Prediksi Defisit APBN 2025 dan Penyebabnya
Menteri Keuangan Sri Mulyani Indrawati mengungkapkan bahwa defisit Anggaran Pendapatan dan Belanja Negara (APBN) pada tahun 2025 diperkirakan mencapai Rp 662 triliun atau setara dengan 2,29 persen dari Produk Domestik Bruto (PDB). Meskipun angka ini dianggap masih dalam batas aman dan terkendali, kondisi tersebut menunjukkan tekanan fiskal yang cukup signifikan. Hal ini disebabkan oleh berbagai faktor yang saling berkaitan, termasuk peningkatan kebutuhan belanja negara dan penurunan pendapatan.

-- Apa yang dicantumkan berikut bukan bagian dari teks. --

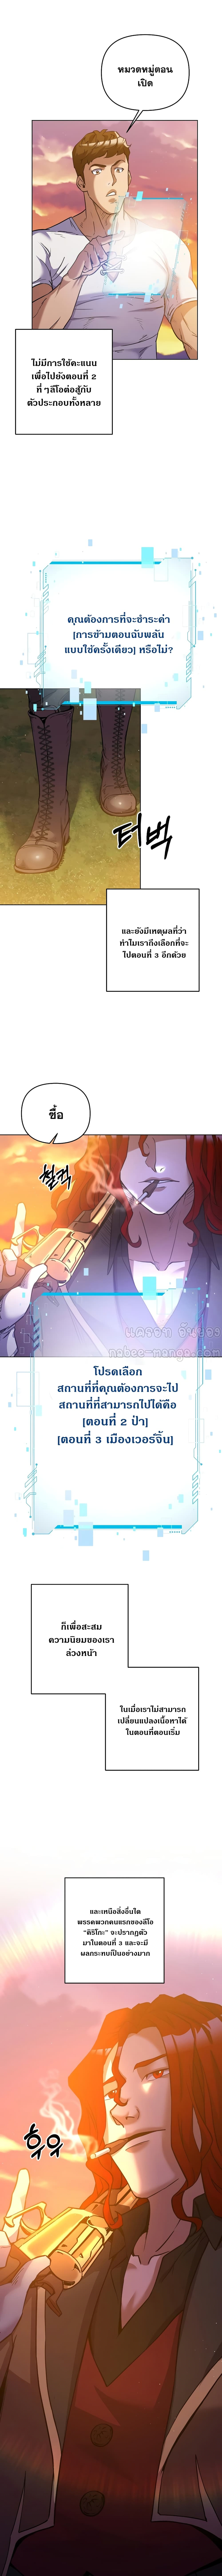 Surviving in an Action Manhwa 2-2
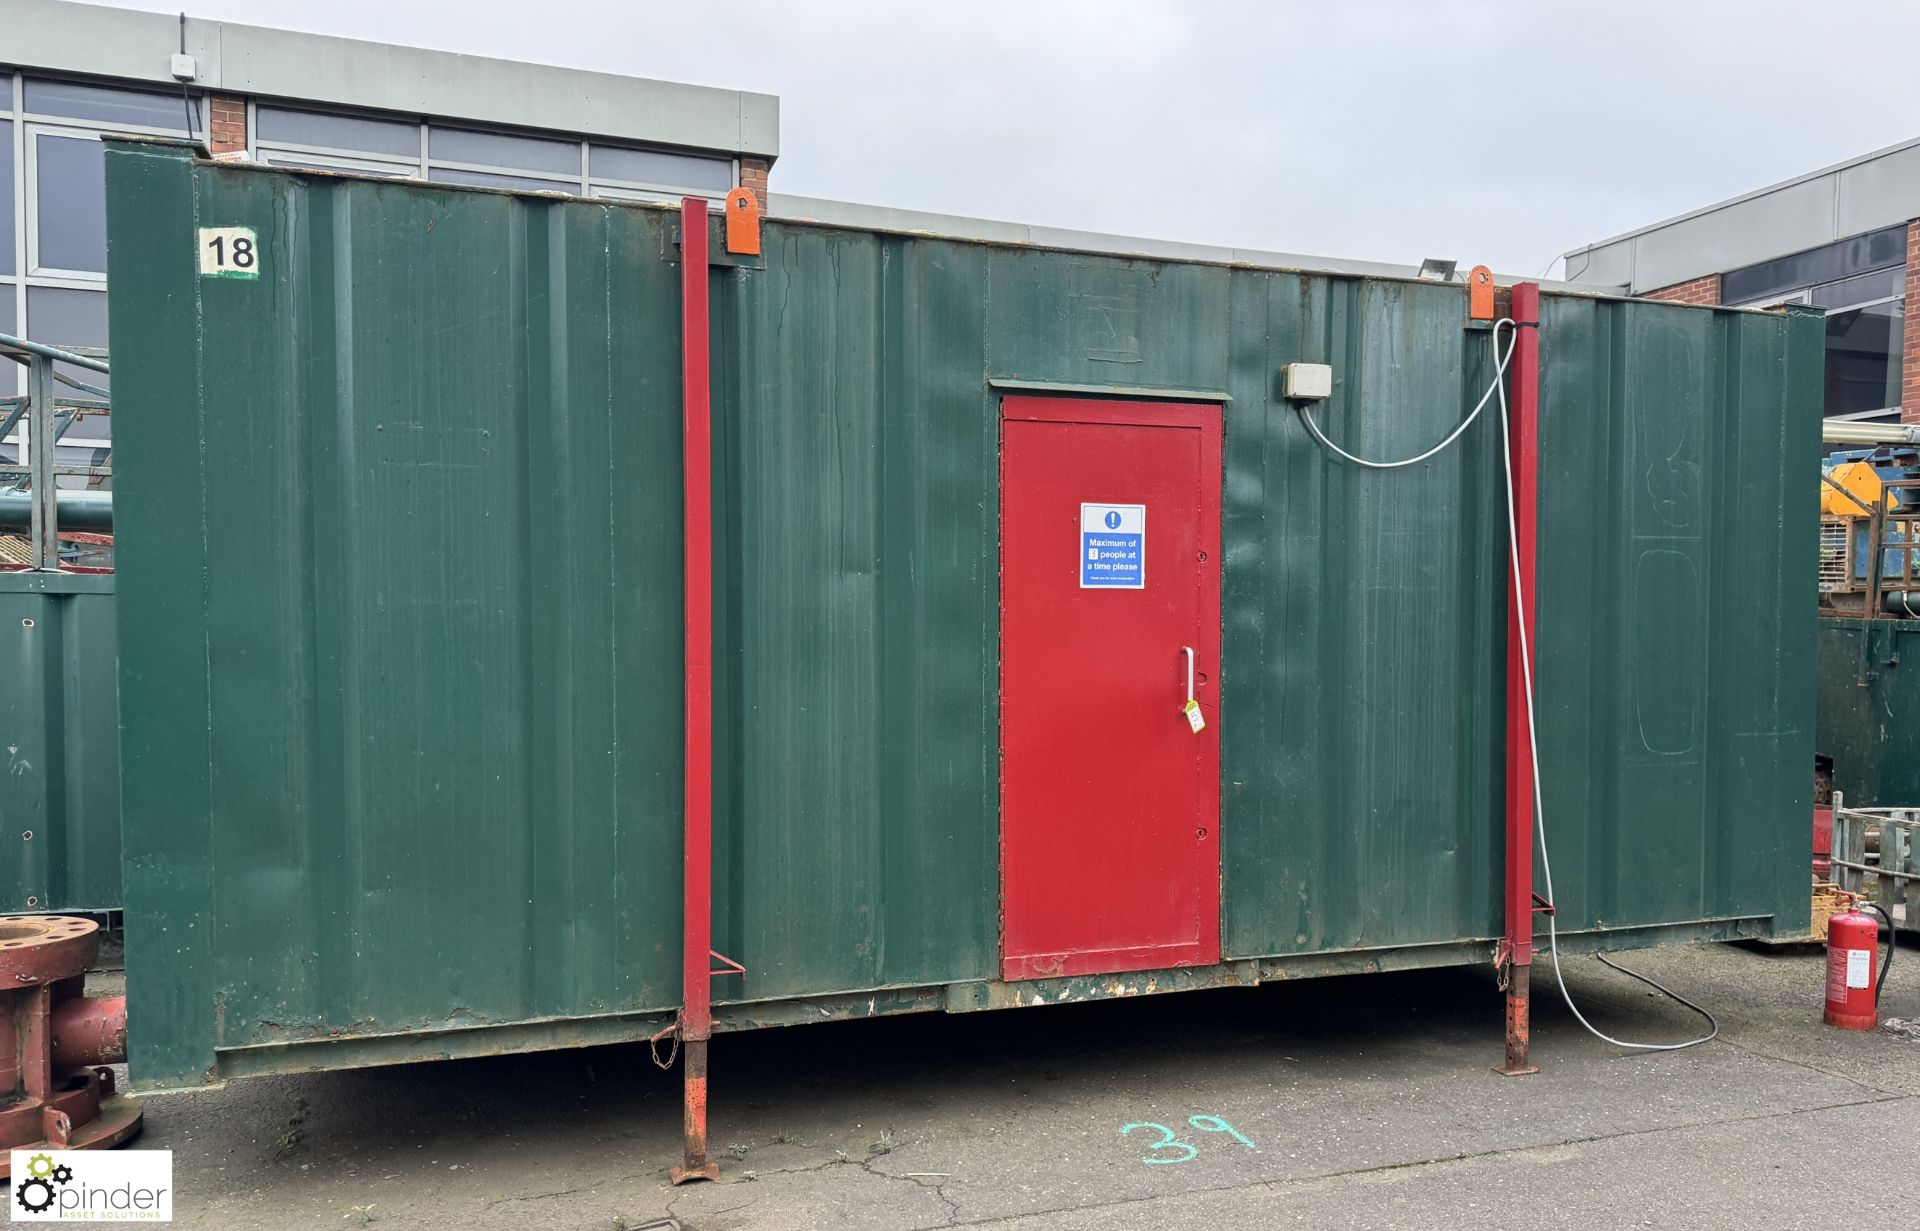 Secure Jackleg Office Cabin, 6250mm x 2700mm x 2600mm (not including legs), with electric wall

Defisit APBN tidak hanya mencerminkan beban belanja pemerintah, tetapi juga upaya untuk menjaga keberlanjutan pembangunan dan perlindungan sosial. Dalam situasi ekonomi yang belum sepenuhnya stabil, pemerintah harus tetap menjaga disiplin anggaran sambil memastikan bahwa instrumen fiskal tetap berfungsi untuk mendukung pemulihan dan pertumbuhan ekonomi.
BACA JUGA
Beberapa faktor utama yang menyebabkan defisit APBN 2025 antara lain:
1. Penurunan Penerimaan Pajak Akibat Gangguan Sistem Perpajakan Digital
Salah satu penyebab utama defisit adalah anjloknya penerimaan pajak hingga 30 persen pada awal 2025. Gangguan teknis pada sistem administrasi perpajakan digital Coretax menghambat proses pelaporan dan pembayaran pajak. Akibatnya, arus kas negara terganggu, sehingga terjadi ketidakseimbangan antara penerimaan dan belanja.
2. Kenaikan Belanja Pemerintah untuk Program Prioritas
Di sisi lain, pemerintah meningkatkan belanja negara secara signifikan untuk mendanai berbagai program prioritas seperti Makan Bergizi, bantuan sosial, dan subsidi pendidikan. Tujuan dari program-program ini adalah menjaga daya beli masyarakat serta mendorong pemulihan ekonomi. Namun, pengeluaran yang tinggi di tengah penerimaan yang menurun turut memperlebar defisit.
3. Pengeluaran Rutin dan Terjadwal Tetap Berjalan Meski Pendapatan Turun
Belanja negara dalam bentuk pengeluaran rutin dan proyek yang telah direncanakan sejak awal tetap dijalankan meskipun penerimaan negara tidak mencukupi. Menurut Menteri Keuangan, hal ini menjadi salah satu penyebab utama defisit yang mencapai Rp31,2 triliun di awal tahun, setara 0,13 persen dari PDB.
4. Ketidakstabilan Pendapatan Negara Non-Pajak
Penerimaan dari sektor non-pajak, seperti sumber daya alam dan dividen BUMN, juga tidak stabil. Fluktuasi harga komoditas utama seperti batu bara dan minyak mentah membuat penerimaan dari sektor ini sulit diprediksi. Ketika harga komoditas turun, pendapatan negara ikut melemah.
5. Tekanan dari Situasi Ekonomi dan Geopolitik Global
Pelemahan pertumbuhan ekonomi global, ketidakpastian pasar keuangan, serta ketegangan geopolitik menambah tekanan terhadap fiskal nasional. Harga komoditas yang berfluktuasi dan investasi asing yang melambat semakin mempersempit ruang gerak fiskal pemerintah.
Untuk menghadapi defisit APBN 2025, pemerintah telah melakukan beberapa langkah strategis, seperti mencairkan saldo anggaran lebih (SAL), menunda proyek-proyek yang belum mendesak, serta melakukan efisiensi anggaran di berbagai kementerian dan lembaga. Namun, langkah-langkah tersebut bersifat jangka pendek. Untuk jangka panjang, solusi atas defisit APBN harus mencakup reformasi sistem perpajakan, perencanaan belanja yang lebih selektif, serta penguatan penerimaan dari sektor-sektor non-tradisional yang lebih stabil.
Defisit APBN 2025 mengajarkan bahwa ketahanan fiskal tidak hanya bergantung pada besarnya penerimaan atau pengeluaran, tetapi juga pada kesiapan sistem, fleksibilitas kebijakan, dan kemampuan negara dalam merespons dinamika ekonomi secara cepat dan efisien. Evaluasi menyeluruh dan reformasi menyeluruh menjadi kunci untuk mencegah defisit serupa terjadi dalam siklus fiskal berikutnya.